### [Your instructions]
Retype the data below exactly; skip every image.

### [Data provided]
────────────────────────────────────────

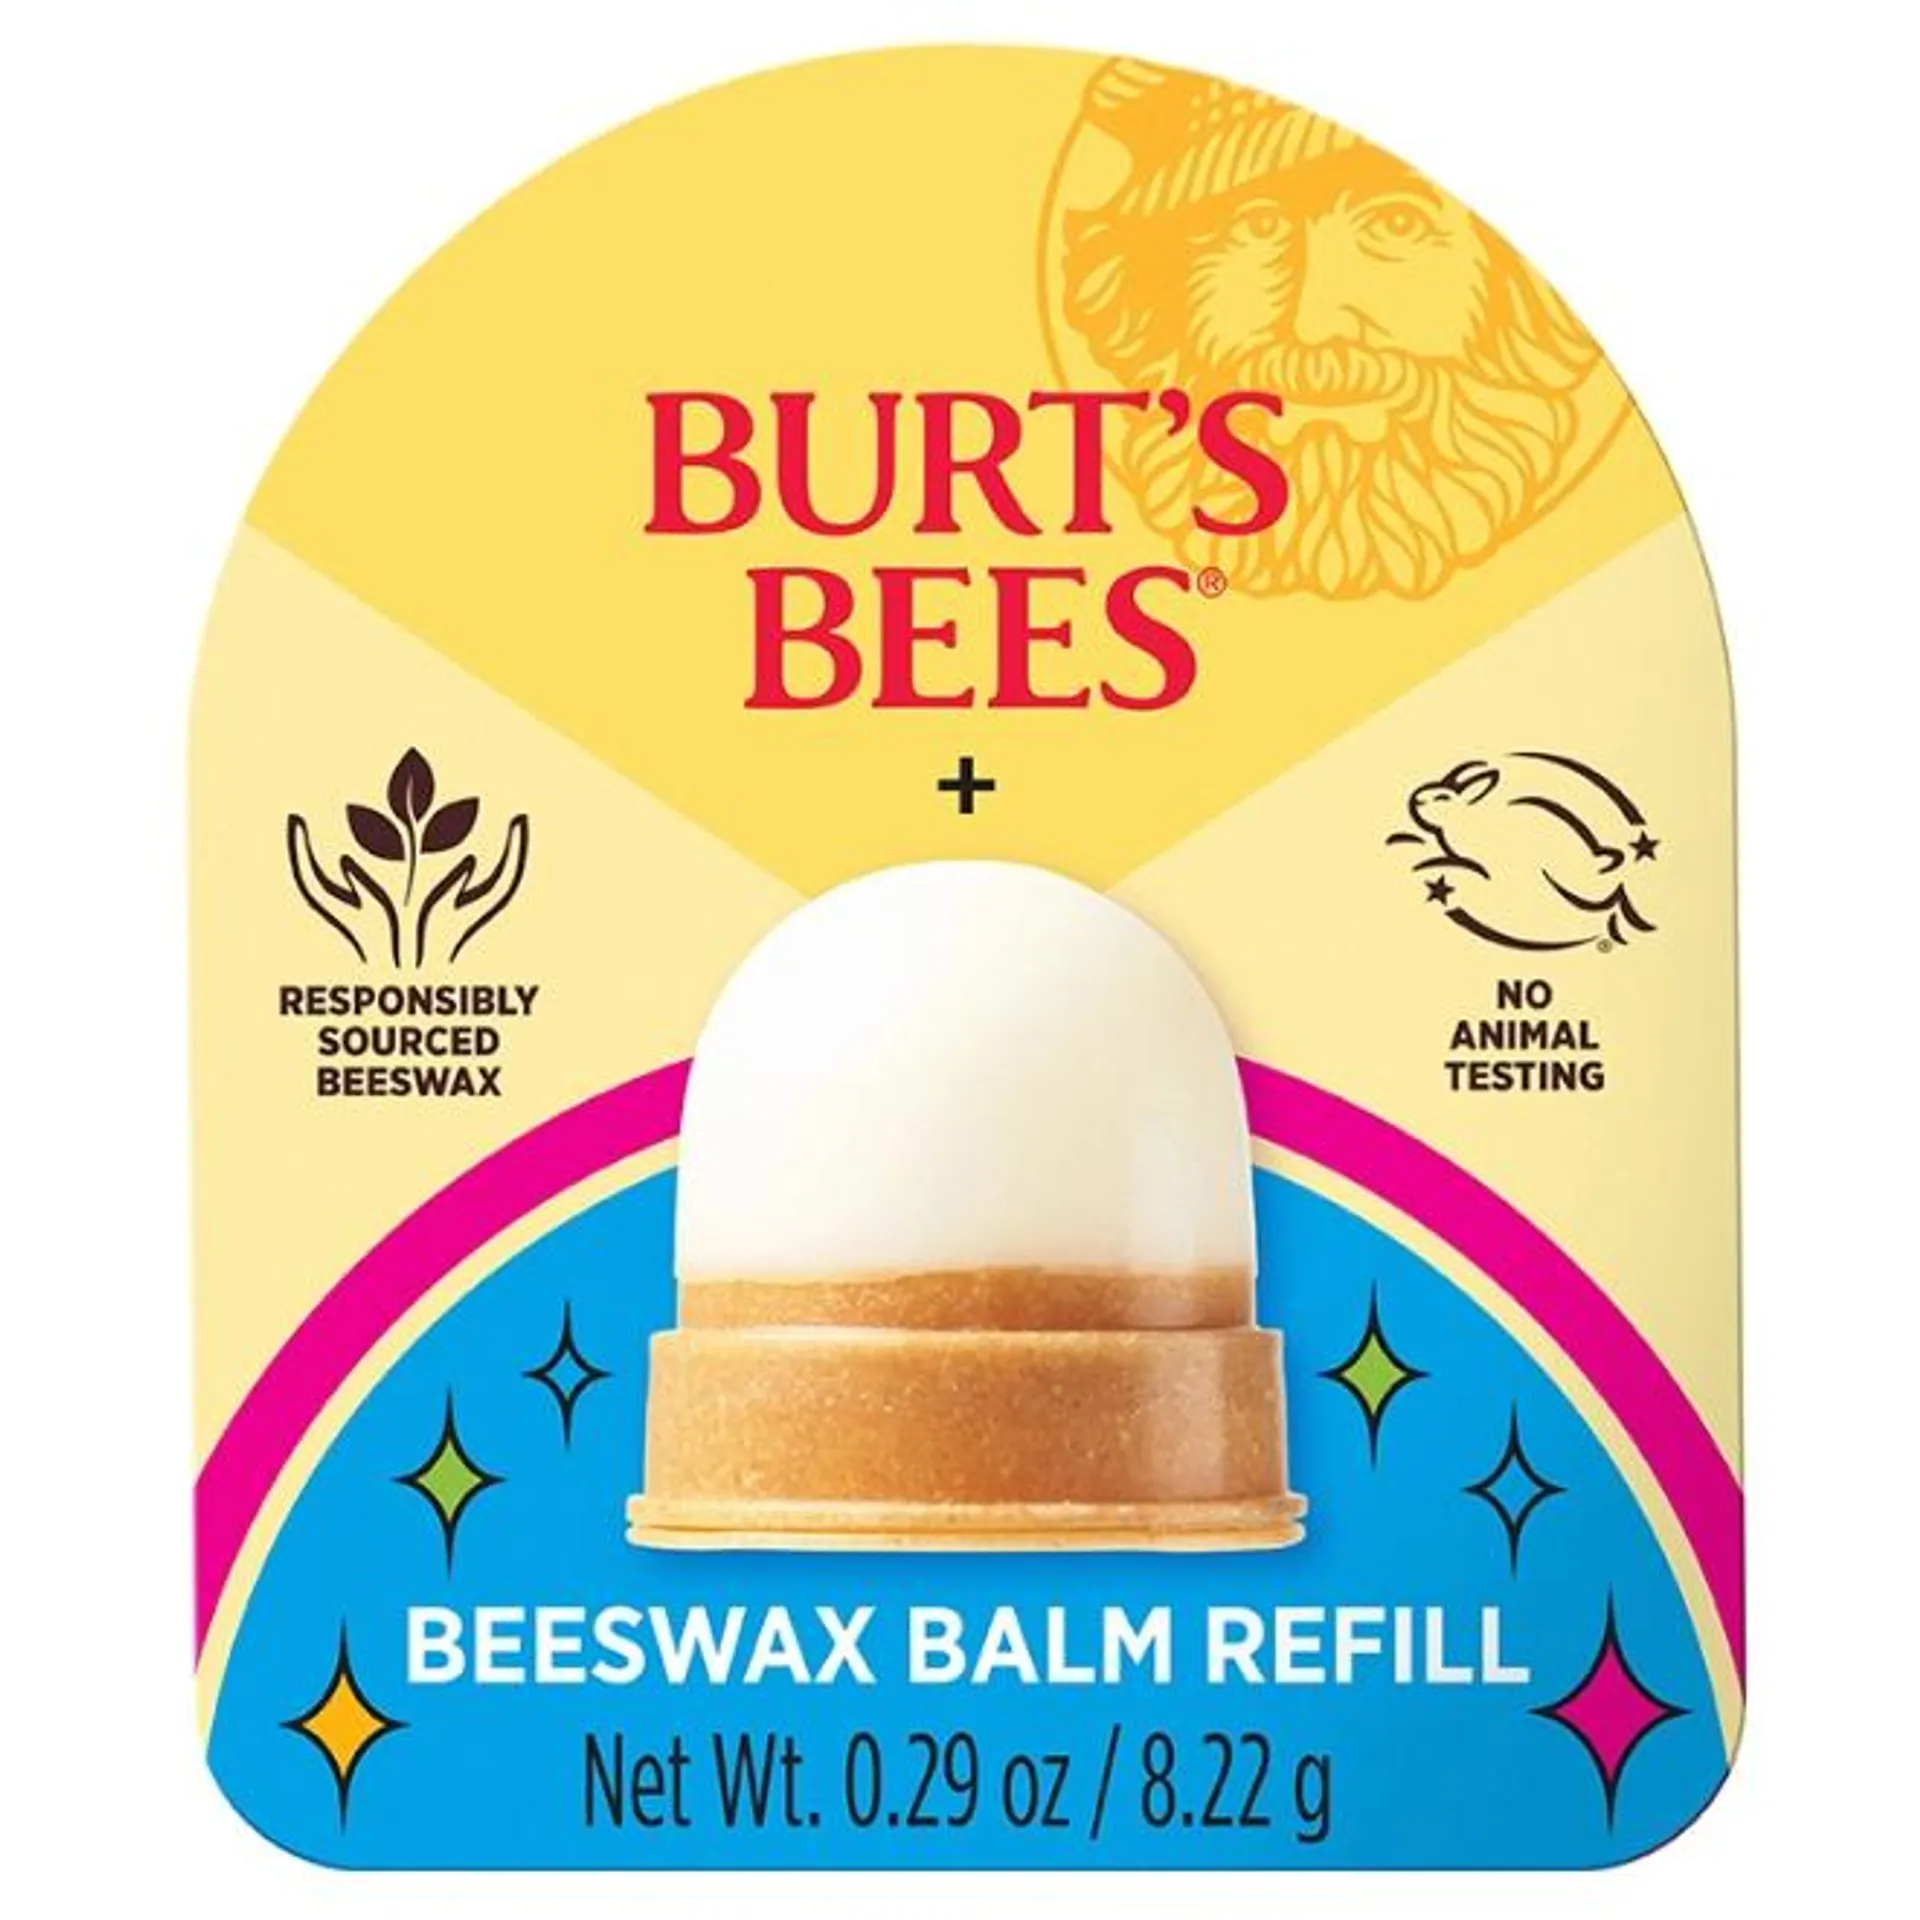 Burt’s Bees x Above & Beyond Beeswax Lip Balm Refill, 1-Pack
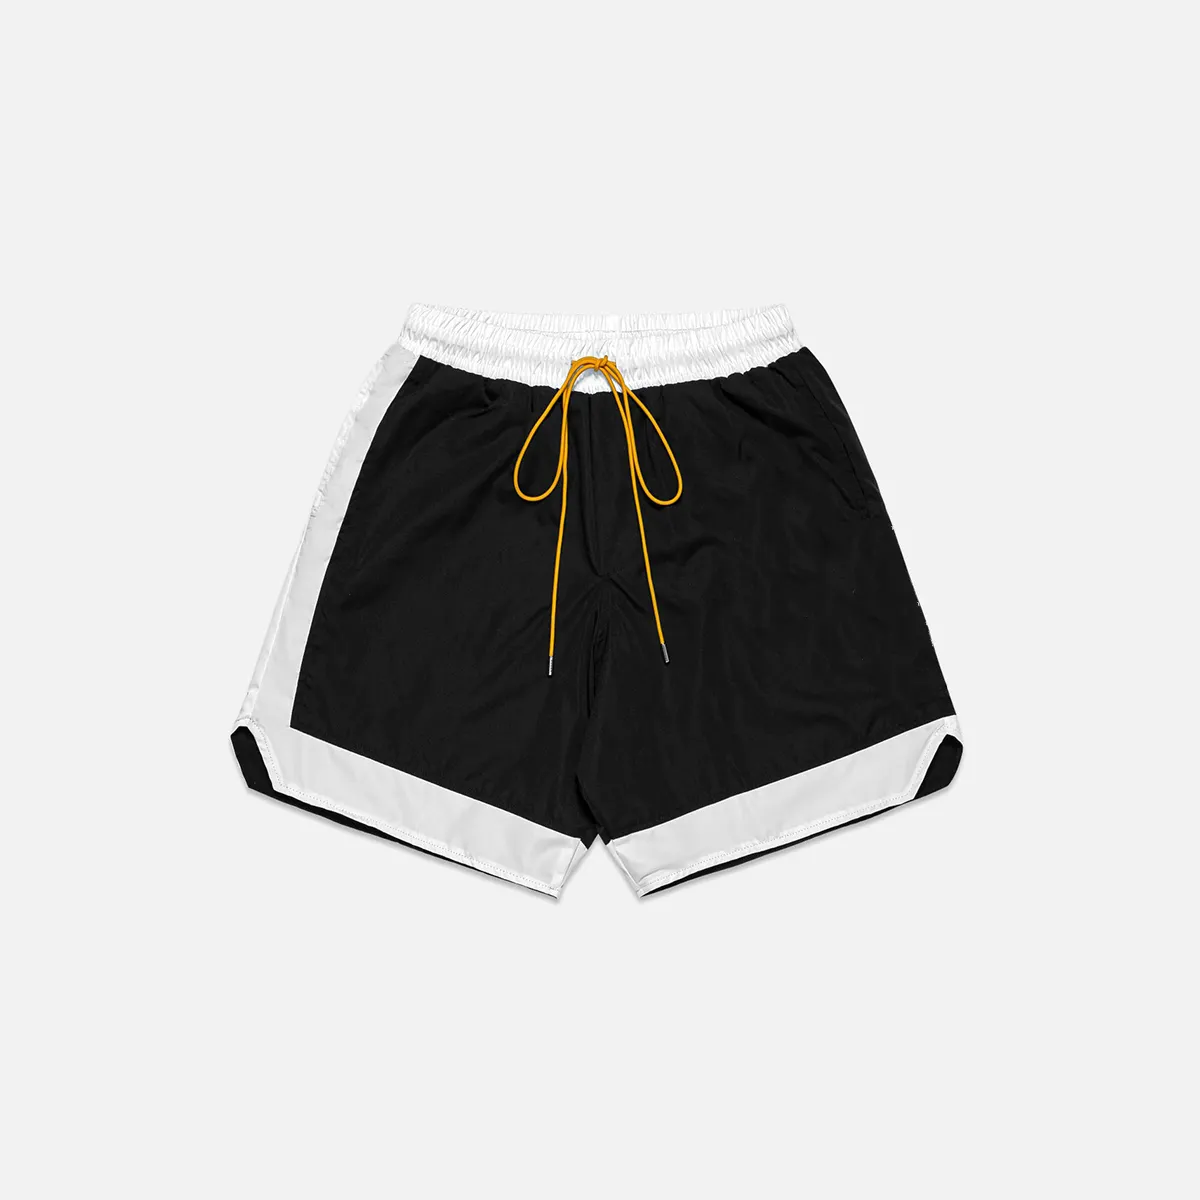 Personalizado de alta calidad de los hombres de medio pantalones de malla para Hombre Pantalones cortos de baloncesto colorido pesado poliéster negro blanco amarillo verano Casual OEM
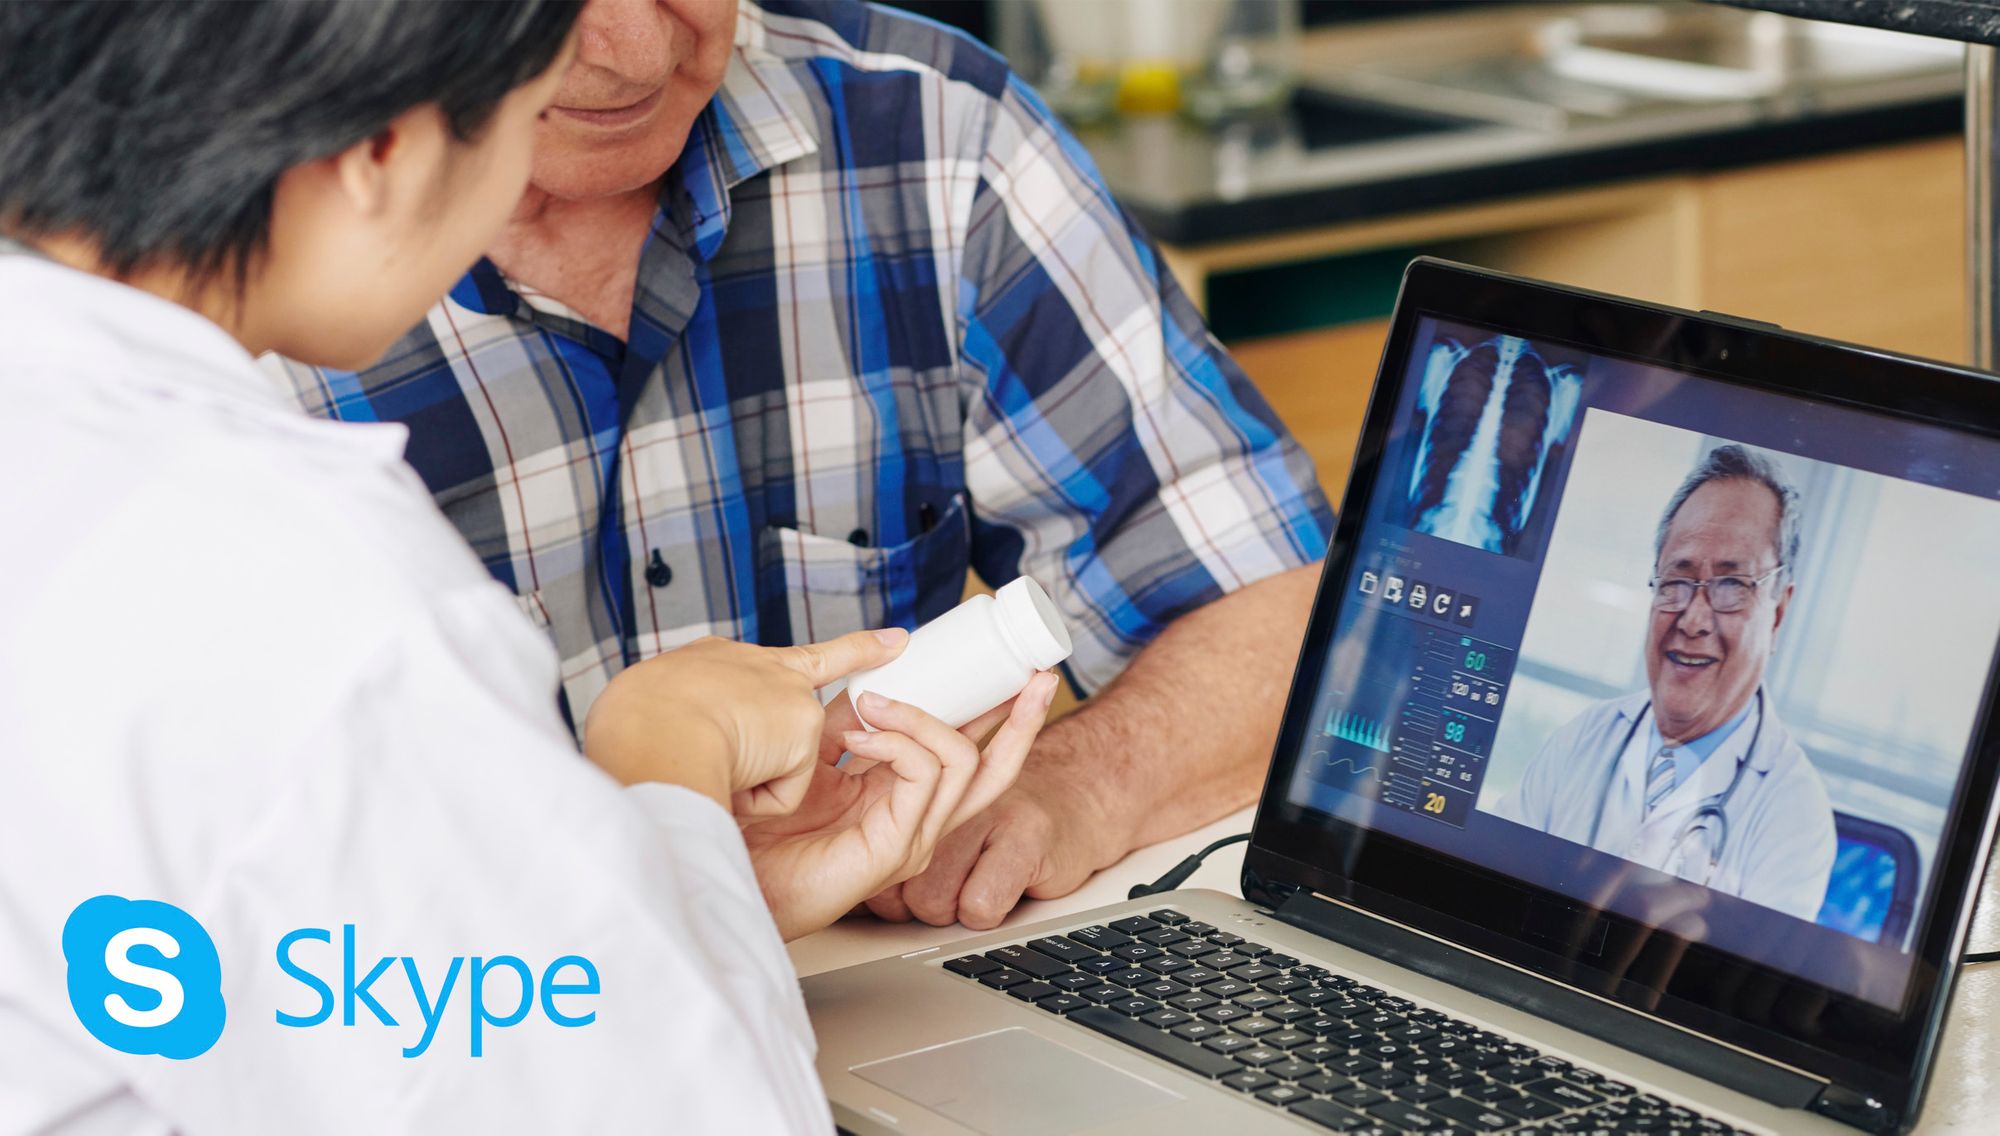 COVID-19: habilitamos video conferencia por Skype con pacientes

────────────────────────────────────────

### [Completed exercise]
 Burt’s Bees x Above & Beyond Beeswax Lip Balm Refill, 1-Pack
 Personalizado de alta calidad de los hombres de medio pantalones de malla para Hombre Pantalones cortos de baloncesto colorido pesado poliéster negro blanco amarillo verano Casual OEM
 COVID-19: habilitamos video conferencia por Skype con pacientes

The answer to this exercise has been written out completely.